TASK STATEMENT: Beginning at the line that contains "Henderson 6 cylinders" and ending at the last line of the records below, retype each line exactly and add nothing.

[Dataset items]
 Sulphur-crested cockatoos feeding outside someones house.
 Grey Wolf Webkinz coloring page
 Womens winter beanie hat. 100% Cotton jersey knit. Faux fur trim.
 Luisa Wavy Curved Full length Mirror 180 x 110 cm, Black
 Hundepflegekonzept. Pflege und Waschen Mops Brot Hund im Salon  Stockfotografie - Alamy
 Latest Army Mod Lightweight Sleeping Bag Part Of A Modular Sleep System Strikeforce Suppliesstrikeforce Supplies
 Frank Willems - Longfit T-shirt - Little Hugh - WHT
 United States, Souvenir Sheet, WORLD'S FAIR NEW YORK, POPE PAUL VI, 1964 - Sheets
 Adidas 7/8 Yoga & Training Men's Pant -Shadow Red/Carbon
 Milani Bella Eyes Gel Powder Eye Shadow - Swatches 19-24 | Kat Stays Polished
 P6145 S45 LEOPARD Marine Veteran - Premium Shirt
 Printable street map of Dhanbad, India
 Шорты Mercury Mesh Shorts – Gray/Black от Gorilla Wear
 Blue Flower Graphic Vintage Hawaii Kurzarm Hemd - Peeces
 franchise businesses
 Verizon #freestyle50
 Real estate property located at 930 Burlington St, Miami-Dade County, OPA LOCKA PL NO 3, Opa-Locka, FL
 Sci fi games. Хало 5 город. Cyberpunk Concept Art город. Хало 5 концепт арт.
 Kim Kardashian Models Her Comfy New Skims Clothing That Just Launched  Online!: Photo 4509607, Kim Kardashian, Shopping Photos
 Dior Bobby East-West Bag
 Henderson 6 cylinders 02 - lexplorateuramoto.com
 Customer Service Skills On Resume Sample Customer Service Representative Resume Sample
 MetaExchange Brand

SOLUTION FOR THIS PROBLEM:
 Henderson 6 cylinders 02 - lexplorateuramoto.com
 Customer Service Skills On Resume Sample Customer Service Representative Resume Sample
 MetaExchange Brand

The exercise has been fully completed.